Personal information
- Born: September 13, 1937 Old Forge, Pennsylvania, U.S.
- Died: November 20, 2016 (aged 79) Duryea, Pennsylvania, U.S.
- Listed height: 6 ft 5 in (1.96 m)
- Listed weight: 220 lb (100 kg)

Career information
- High school: Duryea (Duryea, Pennsylvania)
- College: Potomac State (1954–1955); George Washington (1956–1959);
- NBA draft: 1959: 2nd round, 14th overall pick
- Drafted by: Boston Celtics
- Playing career: 1959–1964
- Position: Small forward
- Number: 20

Career history
- 1959–1963: Boston Celtics
- 1963–1964: Wilkes-Barre Barons

Career highlights
- 4× NBA champion (1960–1963);

Career NBA statistics
- Points: 413 (3.2 ppg)
- Rebounds: 294 (2.3 rpg)
- Assists: 36 (0.3 apg)
- Stats at NBA.com
- Stats at Basketball Reference

= Gene Guarilia =

American basketball player (1937–2016)

Eugene Michael Guarilia (September 13, 1937 – November 20, 2016) was an American basketball player who played four seasons for the Boston Celtics of the National Basketball Association (NBA). He is historically the only NBA player with at least a three-year career to play on a championship team every season of his career.

==Career==

===High school===
He attended Holy Rosary Grammar School and Duryea High School. Guarilia played freshman basketball for Potomac State College, a junior college in Keyser, West Virginia. He established a State Conference freshman record by scoring 595 points in 1953.

===College===
A 6 ft 5 in forward Guarilia played for the George Washington University varsity basketball team beginning in the 1956–1957 season. He took the place of All-America Joe Holup, who went on to play for the Syracuse Nationals. In February 1957, Guarilia was averaging 17.1 points per game and was sixth in the NCAA in rebounding. In the twenty games he had played, Guarilia had snatched 353 rebounds. He was selected to the all Southern Conference basketball team in February 1958.

===NBA===
Guarilia was selected by the Boston Celtics in the second round of the 1959 NBA draft. Guarilia appeared in 129 games for the Celtics over four seasons (1959–1963), averaging 3.2 points and 2.3 rebounds per game. He earned four NBA championship rings in his brief career.

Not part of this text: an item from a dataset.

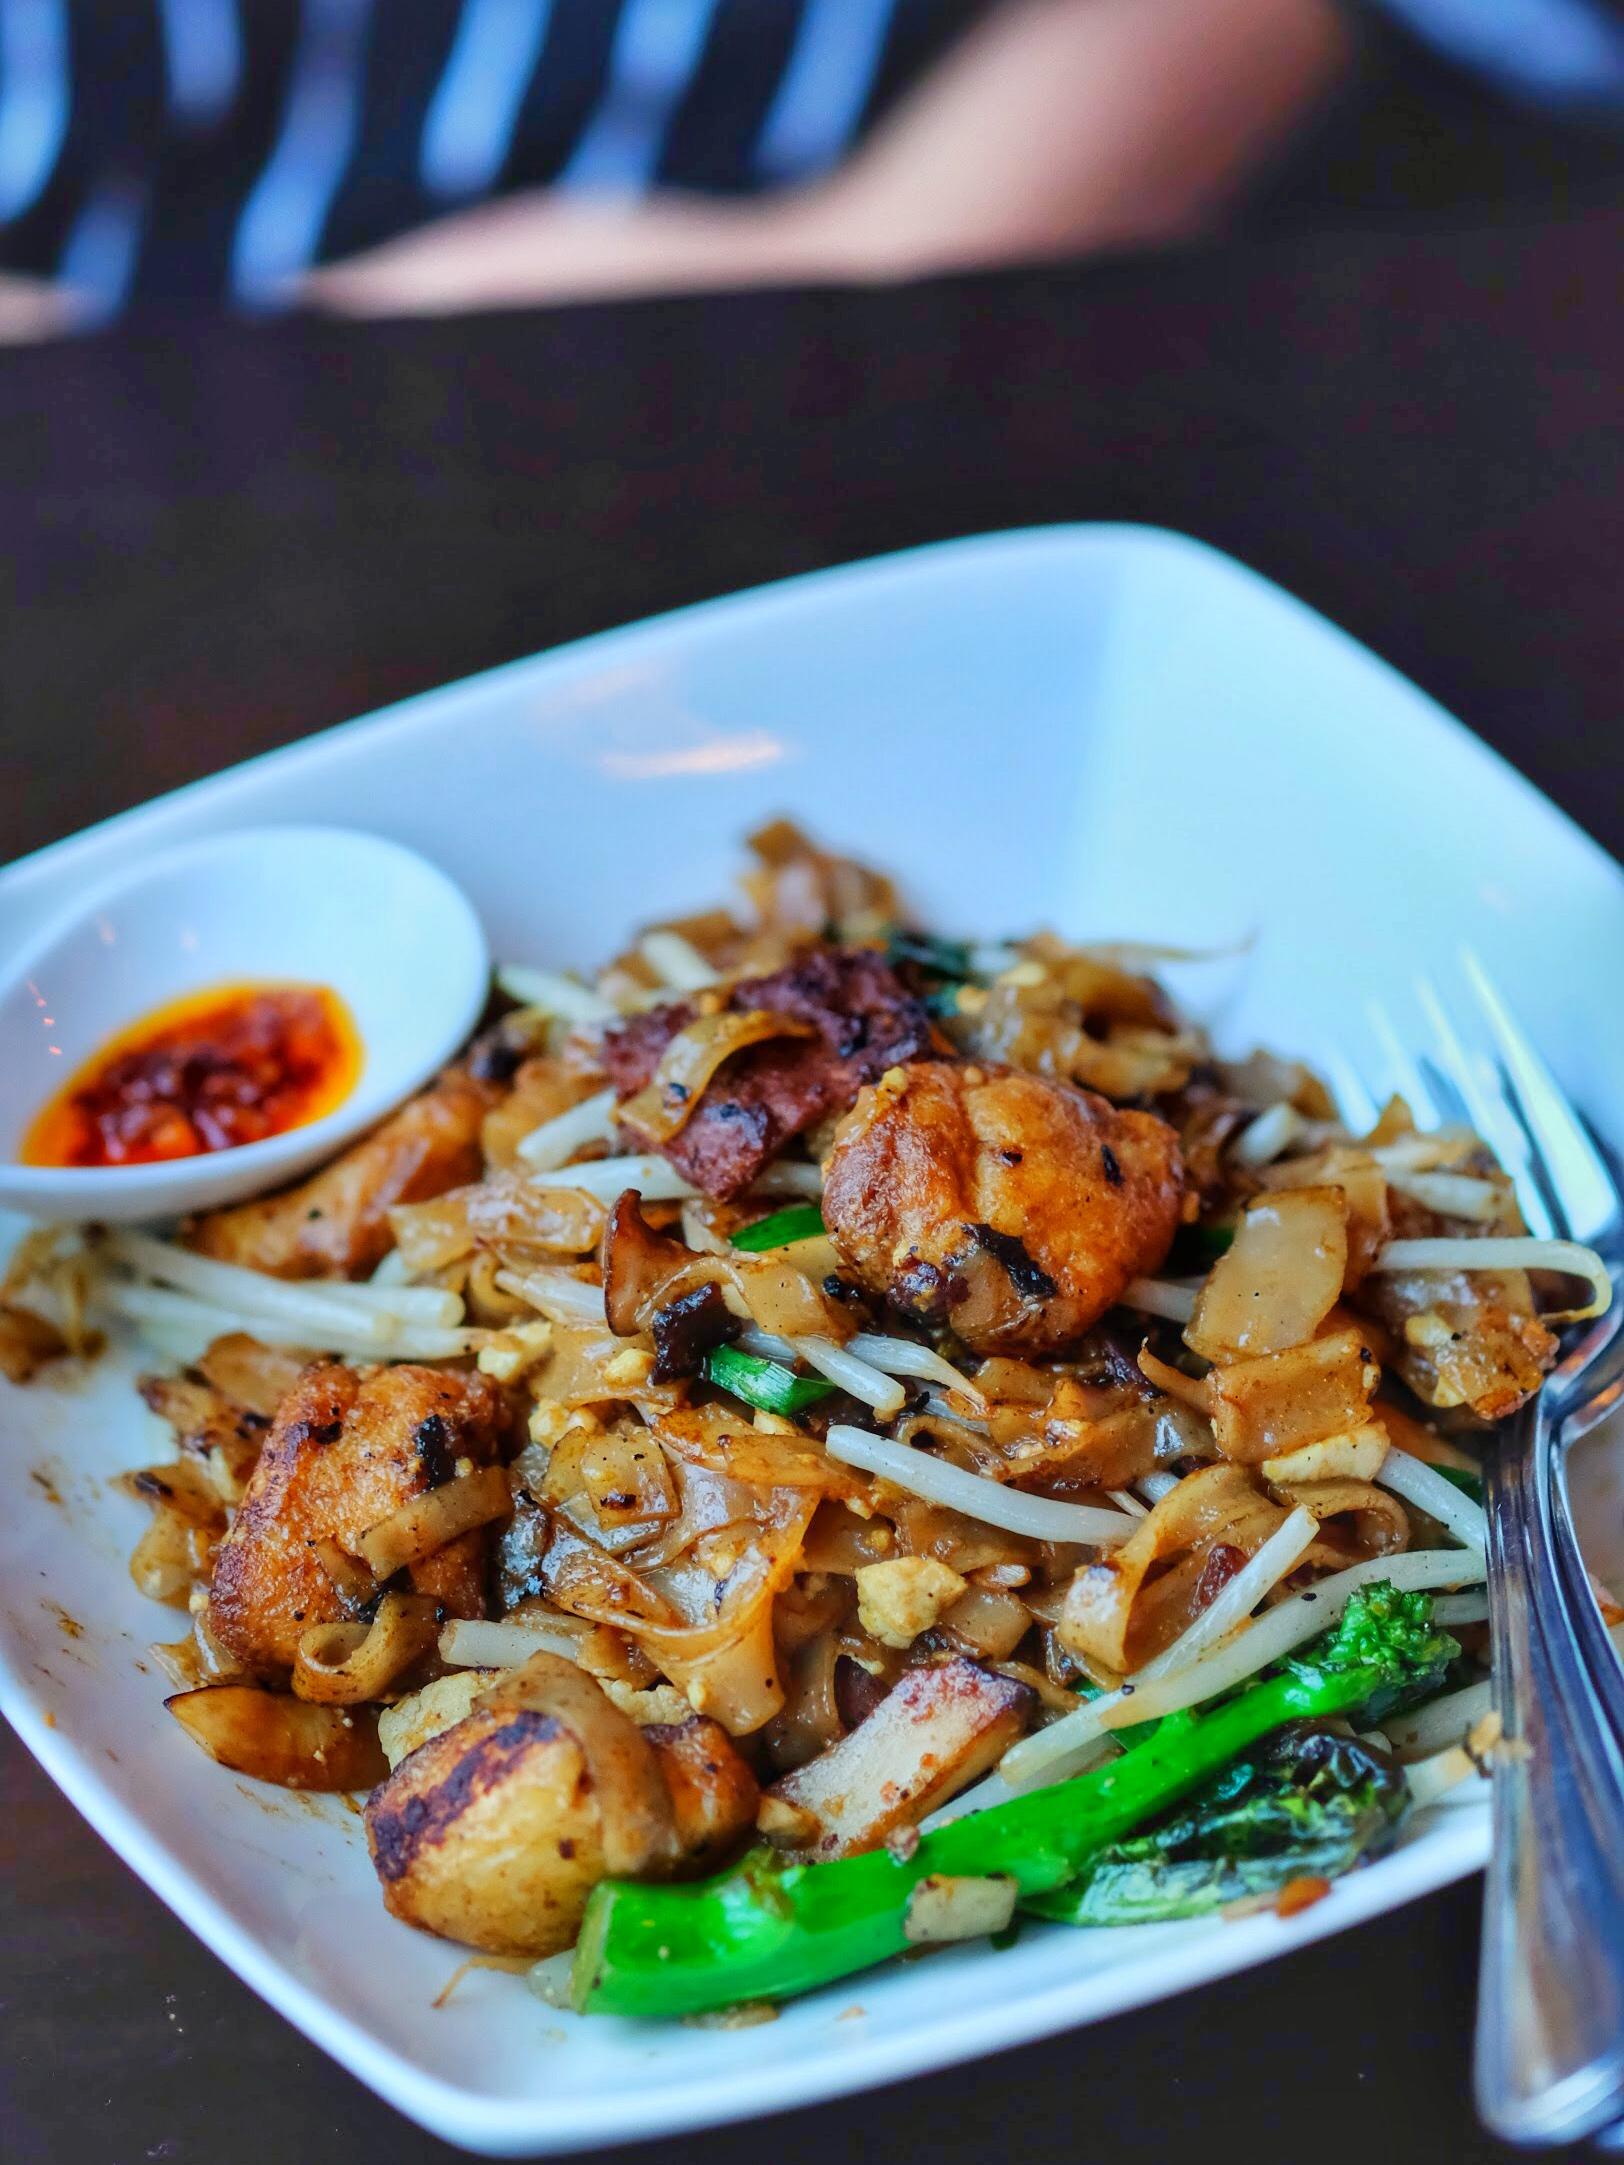 Char Kwan Teow (stir fried noodles)

In December 1959 Boston placed Guarilia on its farm out list to trim their roster to the required 10 player limit. Though officially off the Celtics' roster, he remained in Boston to be available if other players were injured. Red Auerbach considered rotating Guarilia on the active list with one of the other Celtics rookies, like John Richter. The coach said that this move could be done in accordance with NBA rules.

Guarilia was particularly effective in Boston's 1961–62 NBA championship victory over the Los Angeles Lakers. In the final moments of regulation, in the decisive seventh game, he stopped Elgin Baylor. The Celtics went on to win the game in overtime.

A new NBA rule allowed Guarilia to become the 11th man on the Boston roster in the (1962–63) NBA Championship versus the Lakers. On September 25, 1963, the Celtics placed Guarilia on waivers to reduce their playing squad to 16 players.

== Post NBA ==
Guarilia went on to teach health and physical education for many years at Duryea High School, which became Northeast High School, which in turn became Pittston Area Senior High School.

Pittston Area dedicated its court to Guarilia in January 2015, when it painted two shamrocks and Guarilia's No. 20 on the court.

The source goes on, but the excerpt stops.